→ Try it
Output the listing exactly as written, apart from its pictures.

→ Supplied material
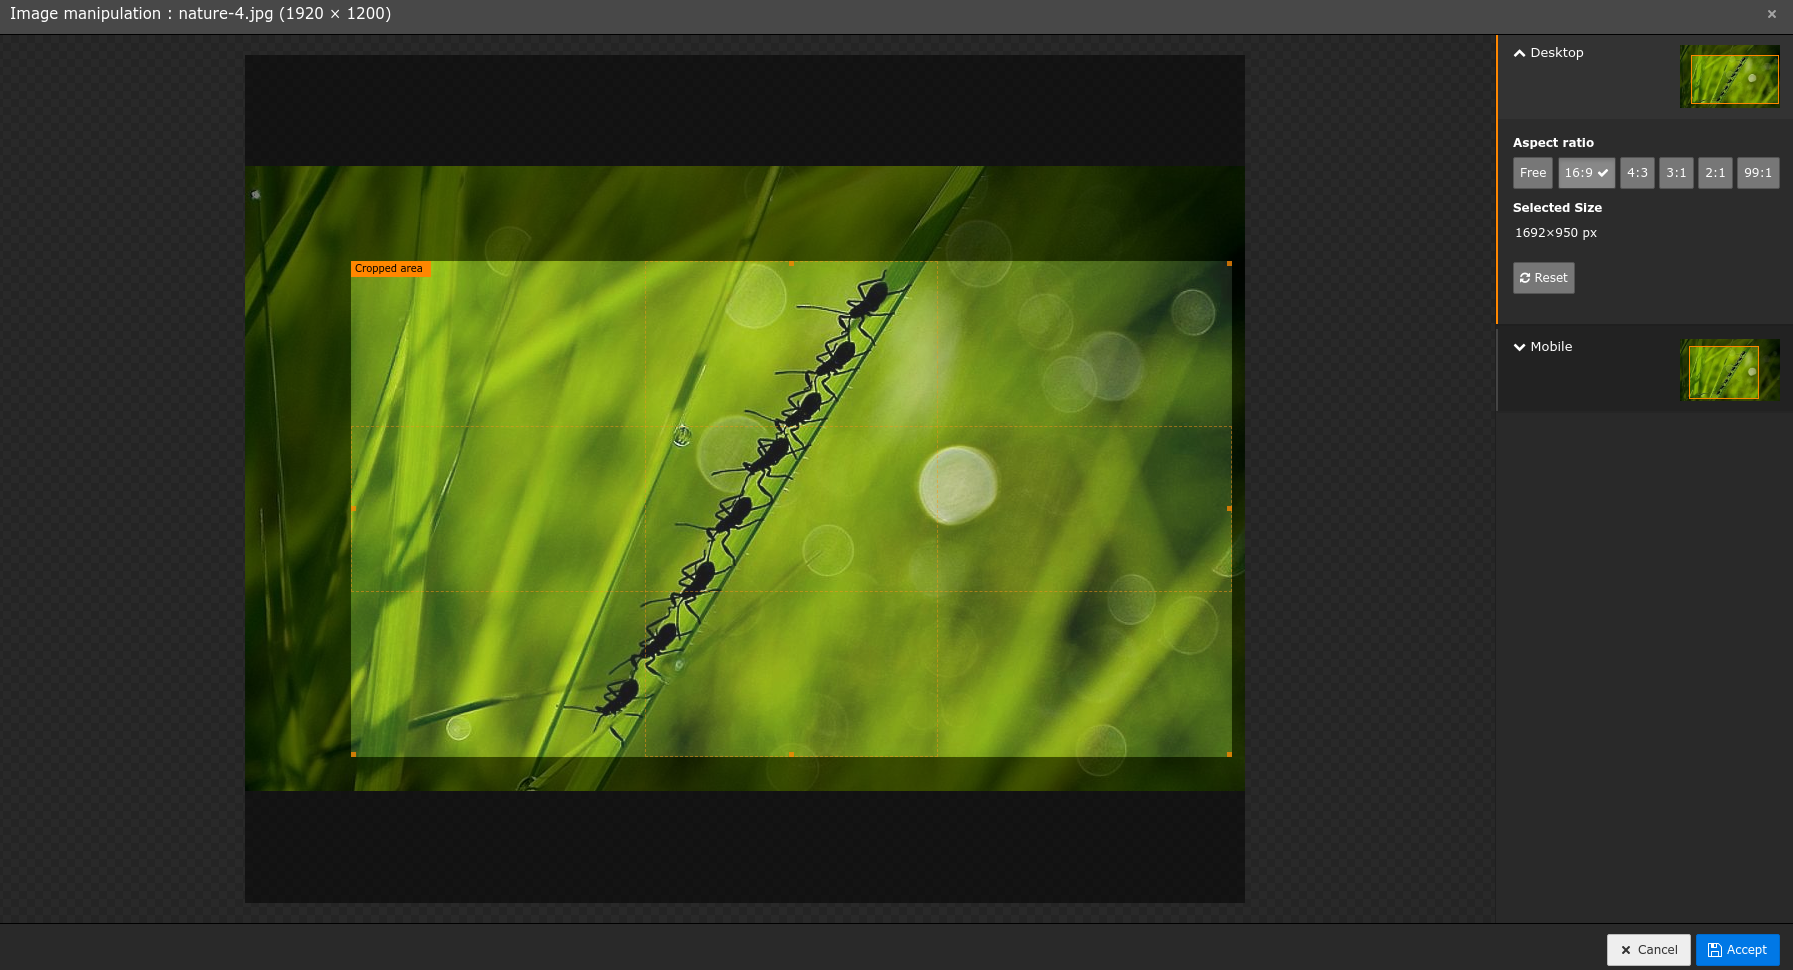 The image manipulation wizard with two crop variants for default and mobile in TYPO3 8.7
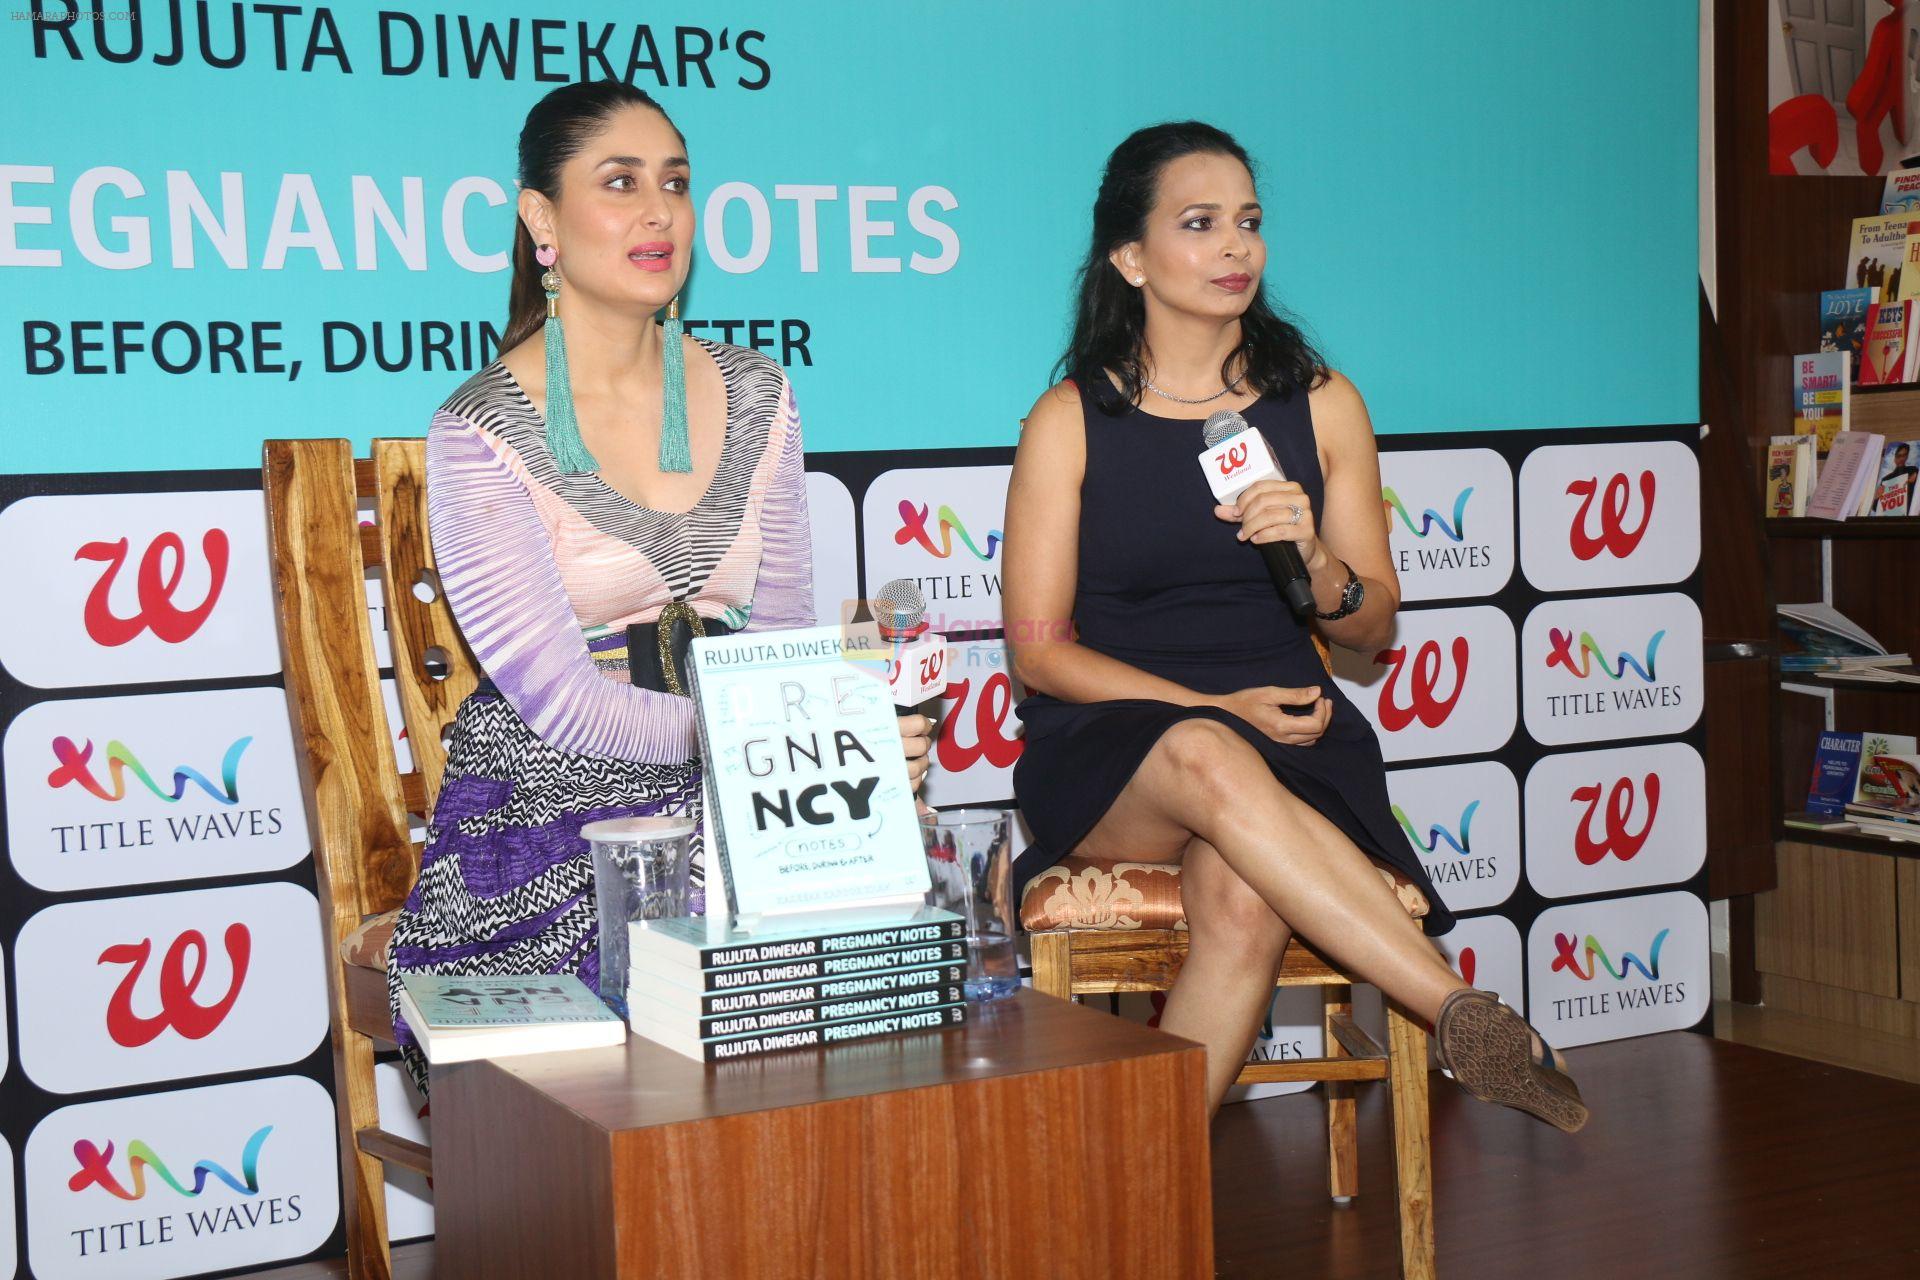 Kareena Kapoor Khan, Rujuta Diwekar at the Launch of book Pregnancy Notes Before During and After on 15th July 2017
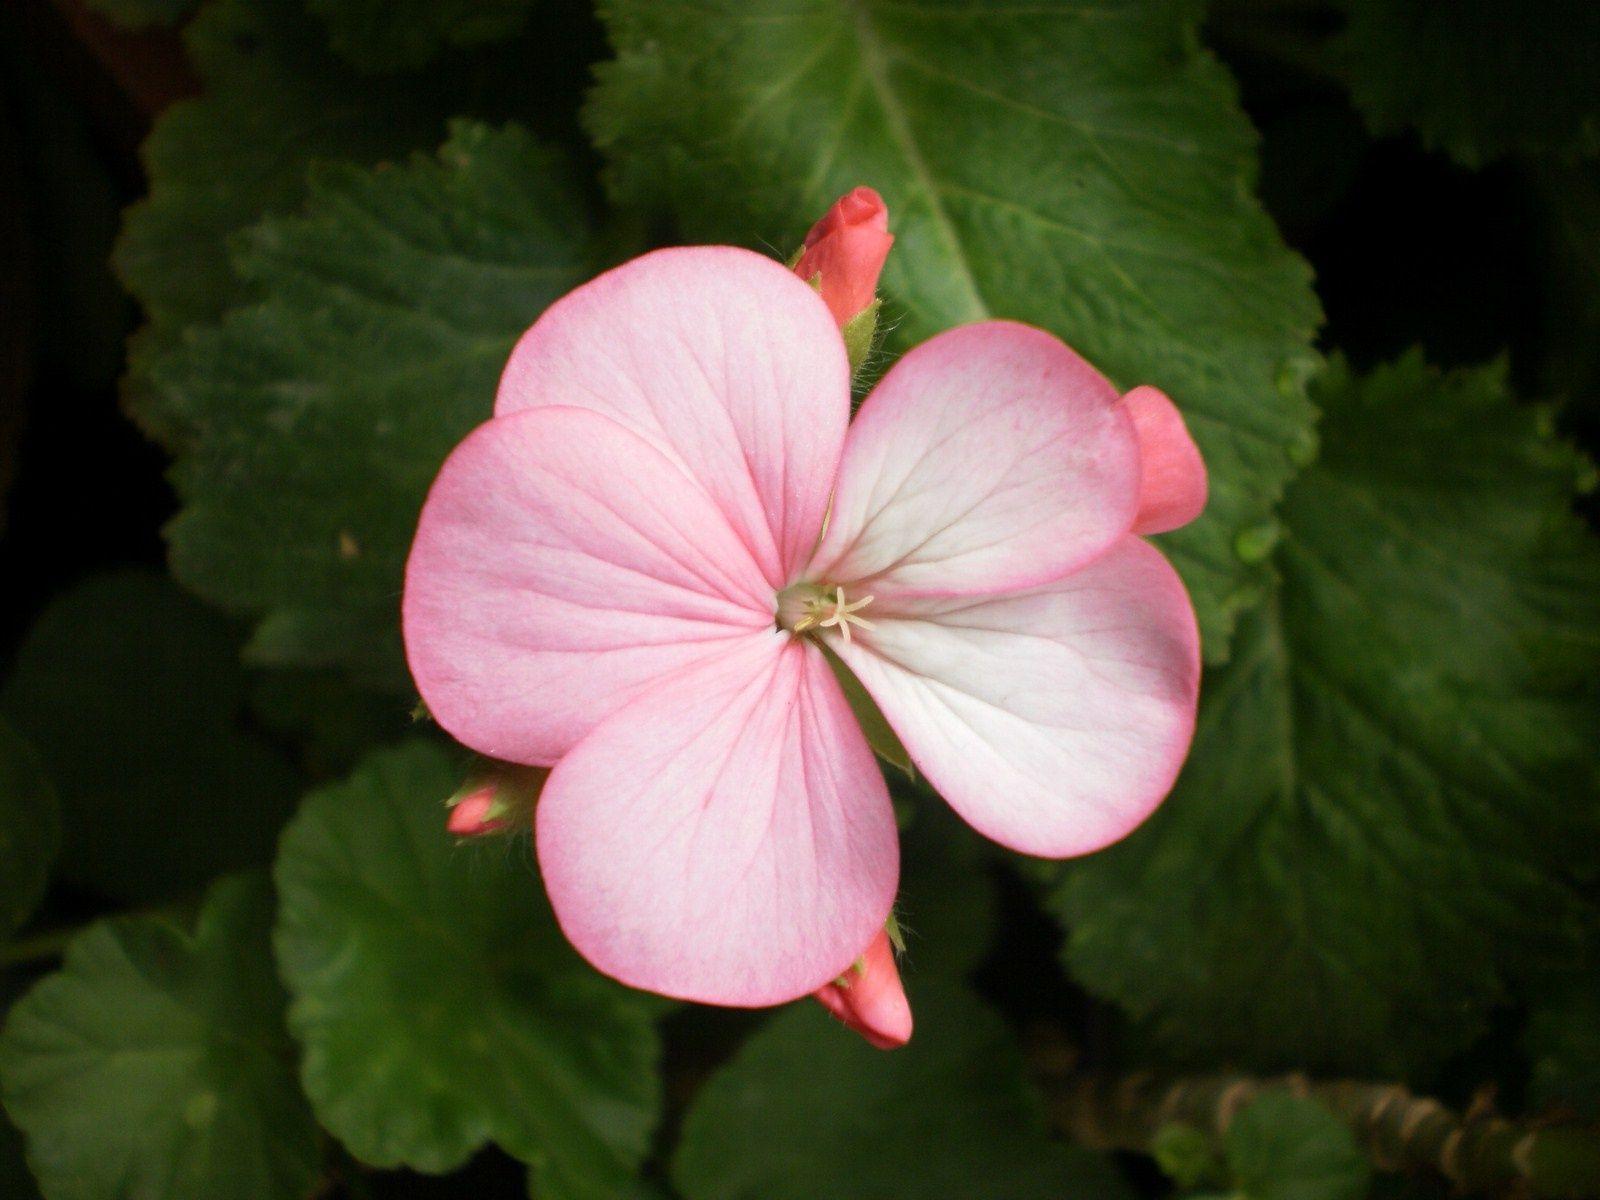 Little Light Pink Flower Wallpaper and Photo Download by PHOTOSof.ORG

→ Exercise result
 The image manipulation wizard with two crop variants for default and mobile in TYPO3 8.7
 Kareena Kapoor Khan, Rujuta Diwekar at the Launch of book Pregnancy Notes Before During and After on 15th July 2017
 Little Light Pink Flower Wallpaper and Photo Download by PHOTOSof.ORG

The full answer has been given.